In un pamphlet di 64 pagine appena pubblicato il giornalista veronese ricorda come su Papa Francesco pende lo spettro di quello che in politica si chiama impeachment, cioè la messa in stato d’accusa. Molte voci, infatti, si sarebbero alzate da parte di alcuni porporati e fedeli contrari alla svolta, considerata riformista, di Papa Bergoglio, che considerano “un uomo di scarsa cultura teologica, attaccato al potere, irascibile e vendicativo”.

Nelle pagine del testo Filippi, classe 1962, dal 2001 inviato speciale del quotidiano milanese, dove si occupa prevalentemente di politica, cronaca ed economia, organizza la sua riflessione suddividendola in 12 mini capitoli.

L’autore di “La vera storia di Papa Francesco – biografia di Jorge Mario Bergoglio” (Barbera editore), in questo nuovo testo comincia con la cronaca e spiega ciò che è seguito all’elezione del primo pontefice sudamericano, ricordando le riforme avviate dal pontefice gesuita, il suo manifesto spirituale (con l’evangelizzazione al primo posto, il no all’autoreferenzialità e la denuncia dei mali della mondanità spirituale, l’apertura alle periferie esistenziali) nell’ottica “dell’avviare processi” piuttosto che “nell’occupare spazi”.

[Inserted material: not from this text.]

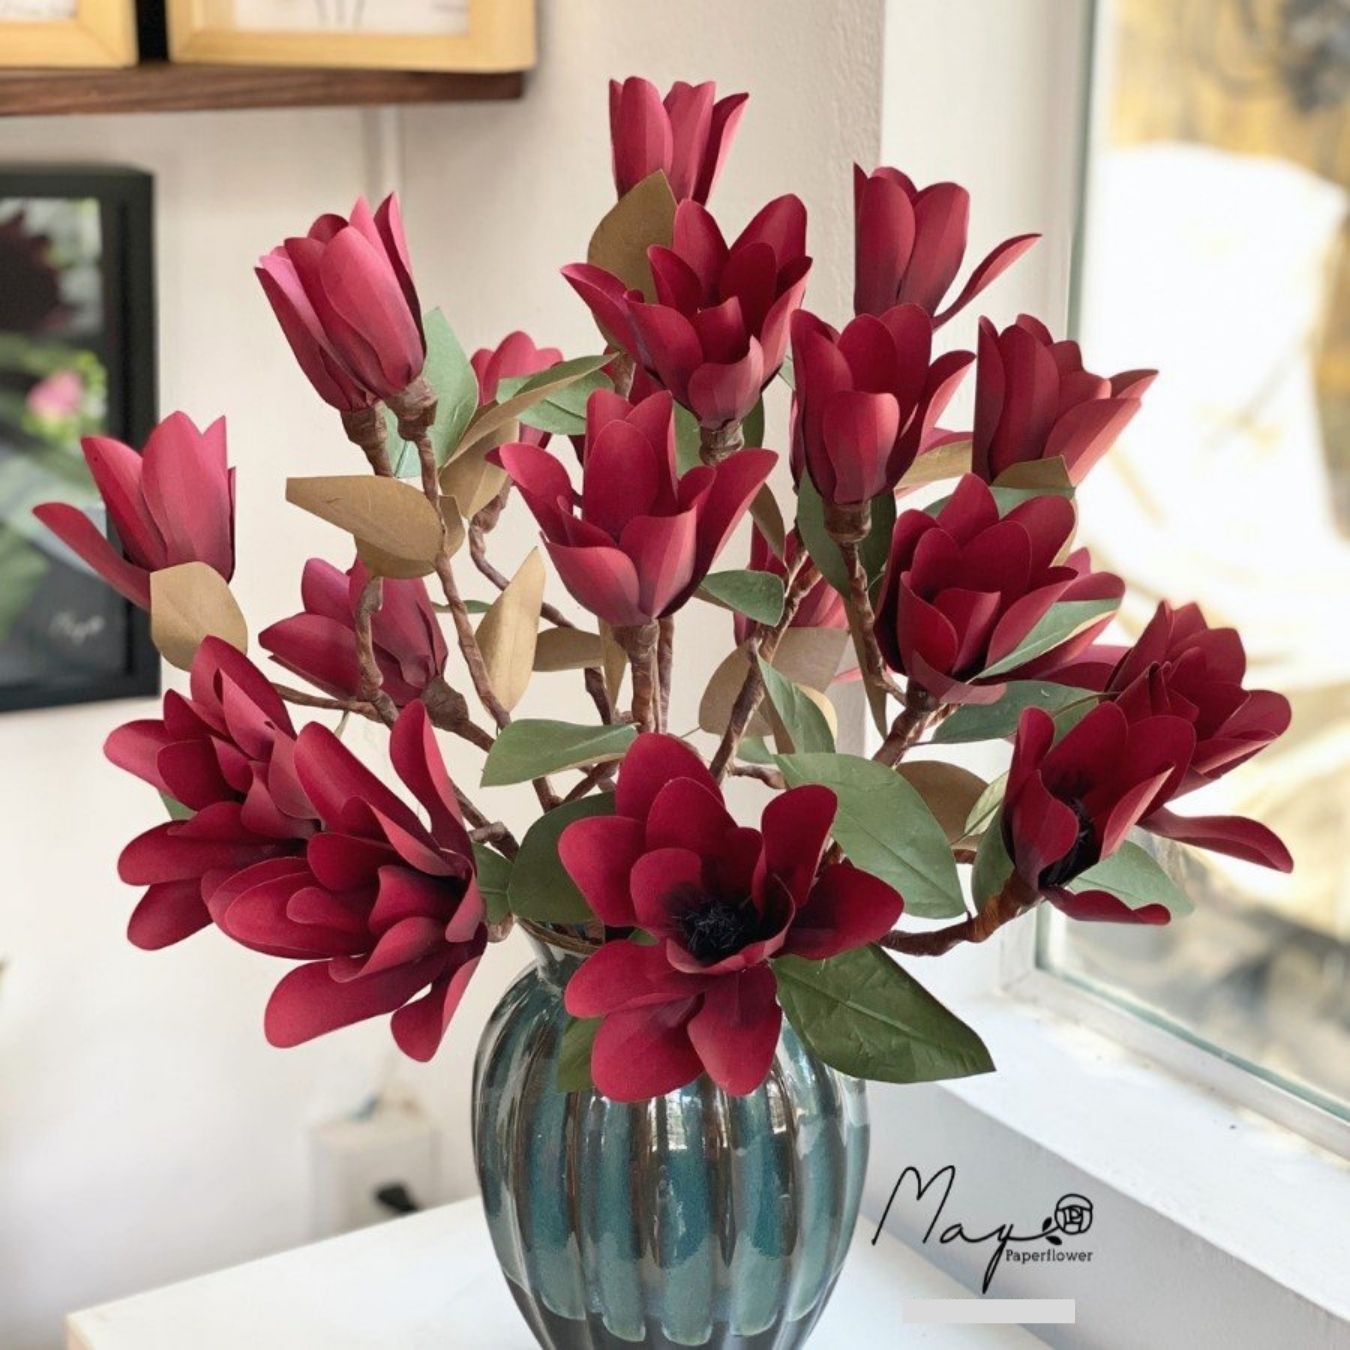 Hoa giấy trang trí, Hoa Mộc Lan đỏ handmade Maypaperflower - hoa giấy nghệ thuật, hoa cắm bình, decor nhà ở văn phòng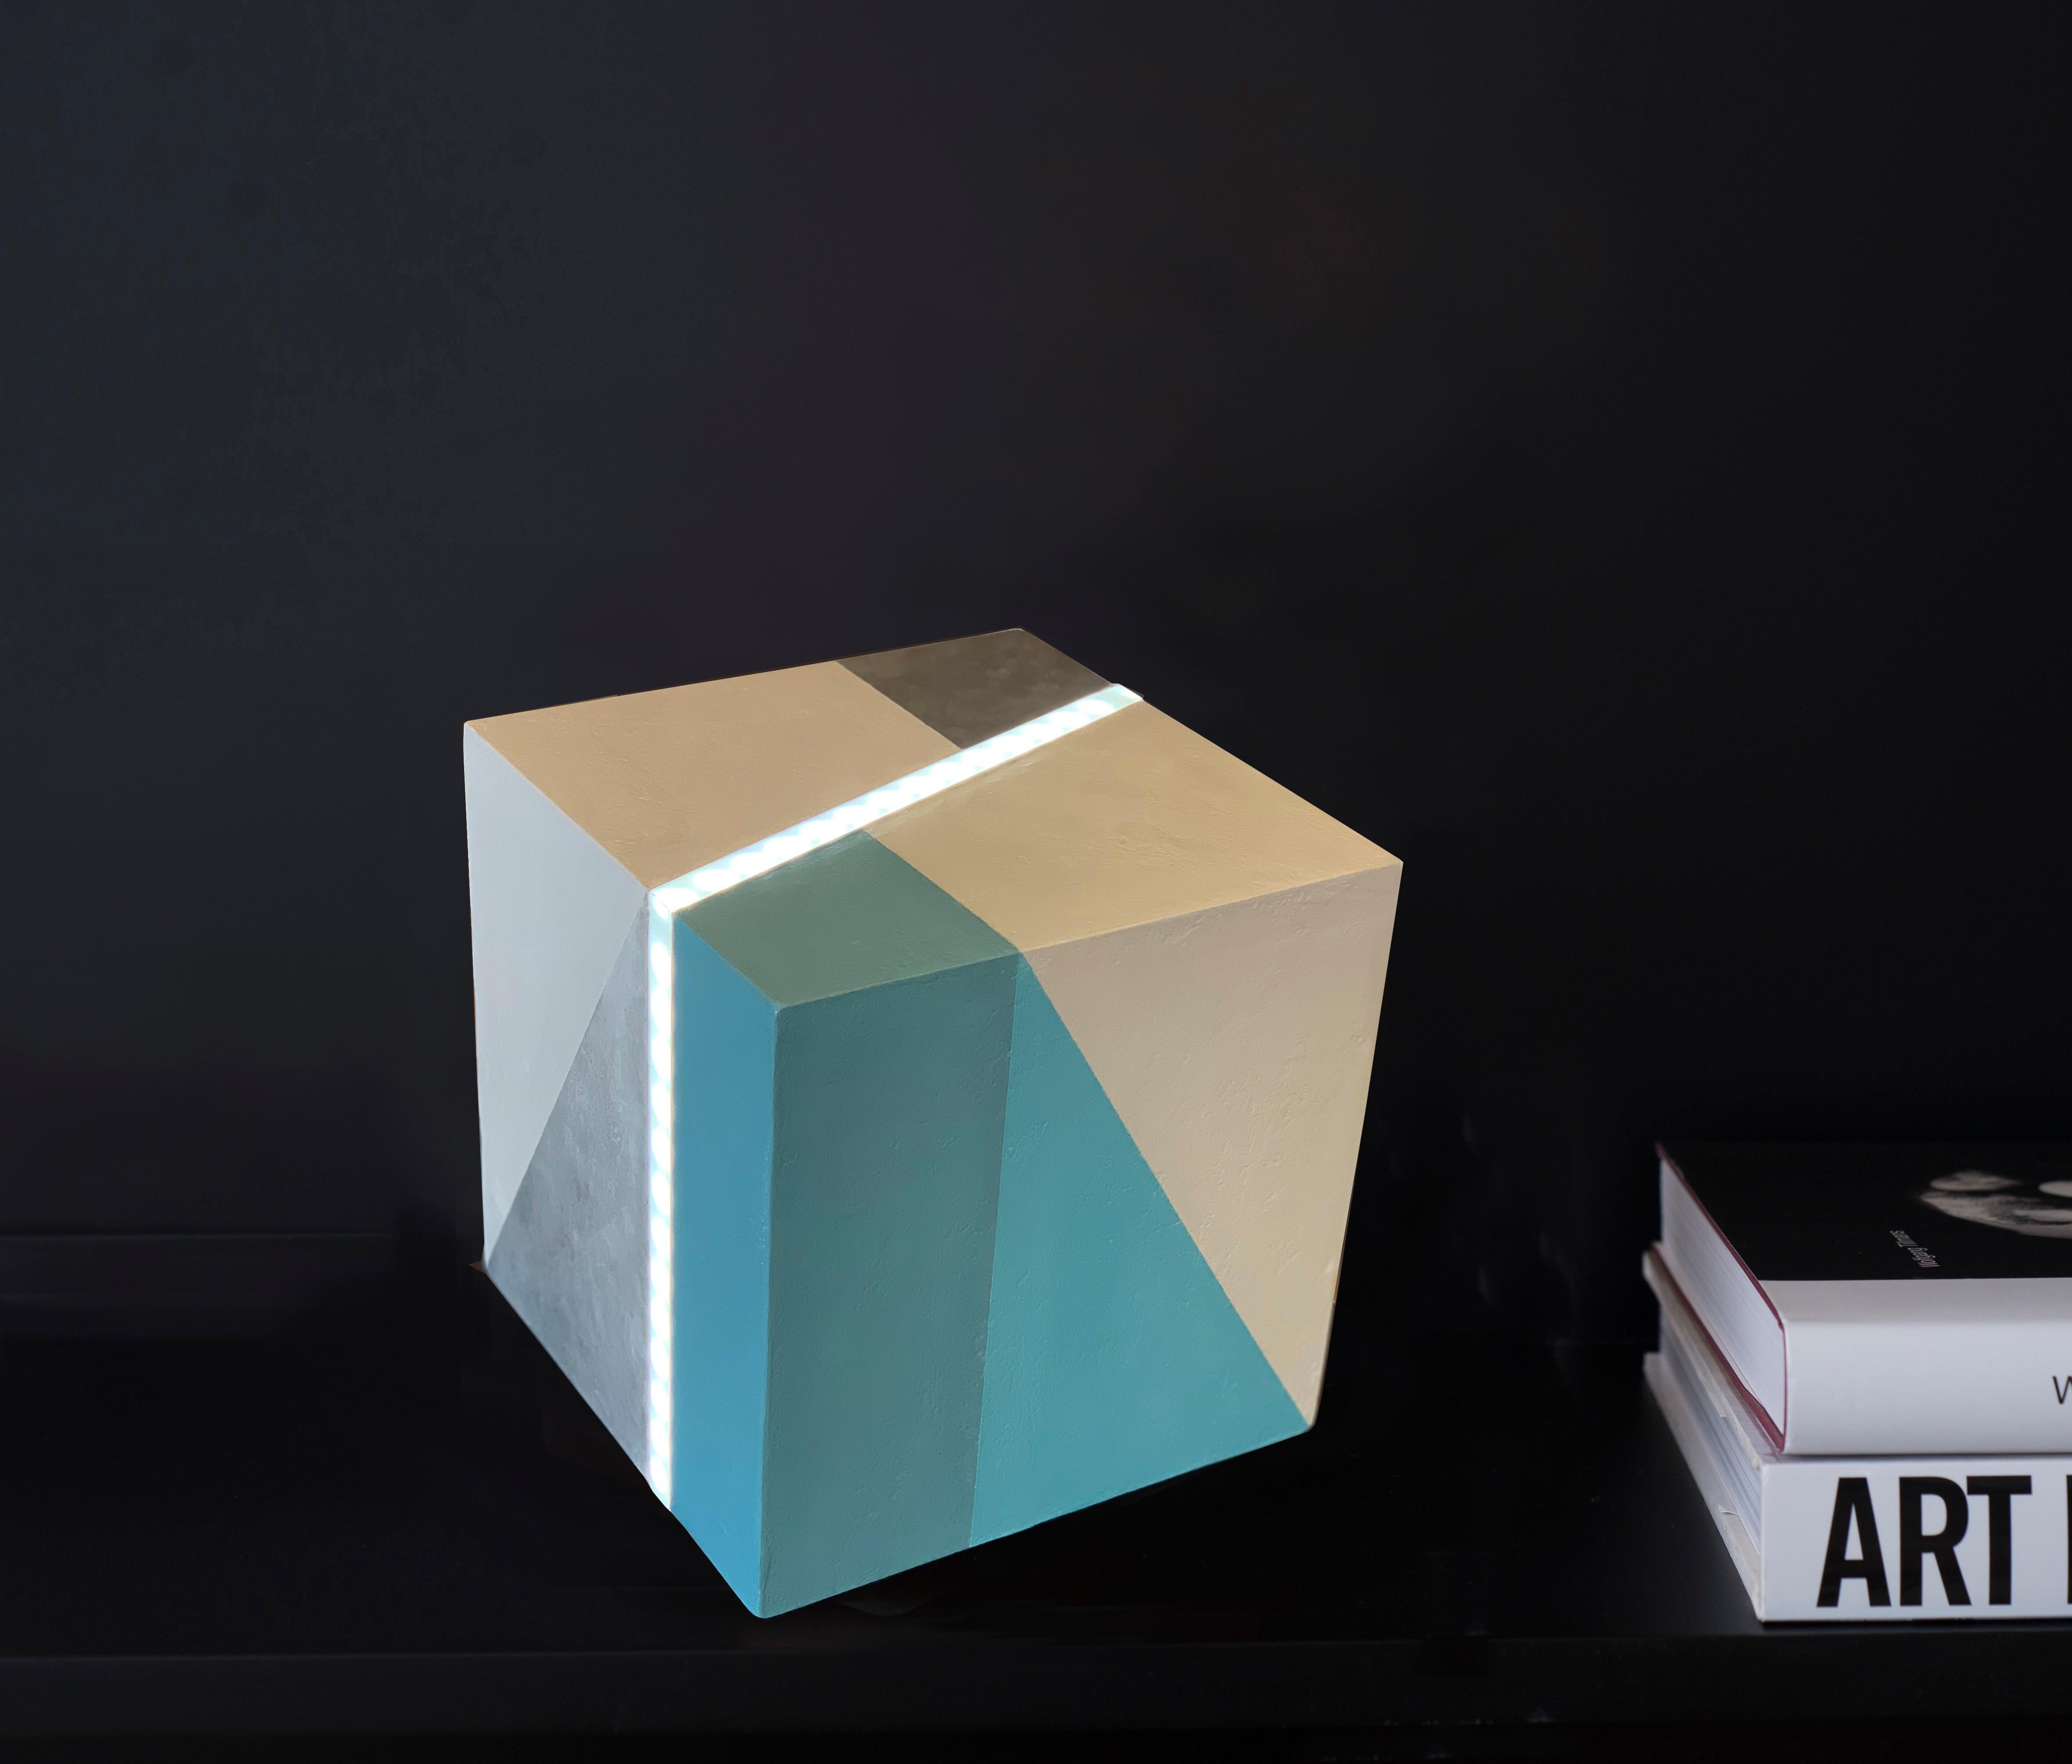 Cube Led Light . Mixed media on wood with LED light

Sono stati così tanti i processi avviati che Filippi definisce il Pontefice “il Grande riformatore” e, spiega, che ciò comporta “una serie di rischi. Il pericolo più grande è quello di trovarsi di fronte a una serie di grandi incompiute. Riforme annunciate, avviate, che poi non riescono a essere portate a conclusione”.

Filippi ricorda che molte iniziative hanno creato “forti resistenze al cambiamento all’interno della curia e in alcuni settori del mondo cattolico che hanno osteggiato il nuovo impulso voluto dal pontefice argentino”, rammentando che la riforma della curia è ancora in mezzo al guado, come è rimasta una “rivoluzione incompiuta” quella che riguarda lo Ior e le finanze vaticane.

Filippi ricorda come sia cresciuto il malumore nei confronti del Pontefice dopo la pubblicazione dell’esortazione post sinodale Amoris Laetitiae e di come Papa Francesco sia stato accusato di “discontinuità con il magistero precedente”, ricordando poi gli attacchi che ha ricevuto per essere stato accusato di “volere smontare anche la liturgia”, del “dialogo ambiguo con i Luterani”, del parlare “a ruota libera” con i giornalisti, e di altre affermazioni.

Nelle sue iniziative di riforma, per Filippi, il Santo Padre non è stato supportato a sufficienza dai mass media vaticani, svelando le tensioni tra Segreteria di Stato e Segreteria per l’economia, “che si sono riflettute sul Dicastero per la comunicazione” e si sono “alimentate in un anno drammatico per la Santa Sede a causa dei nuovi scandali sessuali che hanno messo a dura prova i portavoce vaticani”.

Ricordando i recenti fatti accaduti (viaggi a Panama e negli Emirati) o che stanno per accadere (l’incontro sul tema della protezione dei minori) Filippi rammenta gli impegni contro la pedofilia sia del Papa emerito Benedetto XVI sia di Papa Francesco. Tuttavia rileva che in materia “anche Francesco ha commesso errori” come nei casi del Cile e dell’ex cardinale, ora ridotto allo stato laicale, Theodore McCarrick.

Il giornalista conclude il suo testo con un capitolo scottante intitolato “Lo spettro dell’impeachment”, peraltro uno stato d’accusa non previsto dal Codice di Diritto Canonico. Ma benché non contemplata “l’idea dell’impeachment si diffonde nelle cerchie antibergogliane”, scrive Filippi, “mettere il papa sul banco degli imputati e deporre un pontefice non più ortodosso è il sogno proibito di molti”.

Filippi spiega che la contestazione ha preso la strada “di lavorare ai fianchi il papa argentino perché sia lui stesso ad ammettere gli errori giungendo magari a dimettersi”.

Filippi, che nel testo, da cronista di razza, riporta le polemiche contro Francesco, ma non attacca mai il Sommo Pontefice, anzi ne spiega bene – con diverse citazioni documentate – il pensiero, chiude l’ultima pagina del suo libro con una affermazione del Pontefice.

“Francesco appare sereno, in buona salute, distaccato. Ma salutando a Panama i volontari […] ha pronunciato una frase sibillina: ‘Come vi ho detto a Cracovia, non so se ci sarò alla prossima Giornata mondiale della gioventù. Ma vi assicuro che Pietro ci sarà e vi confermerà nella fede’ ”.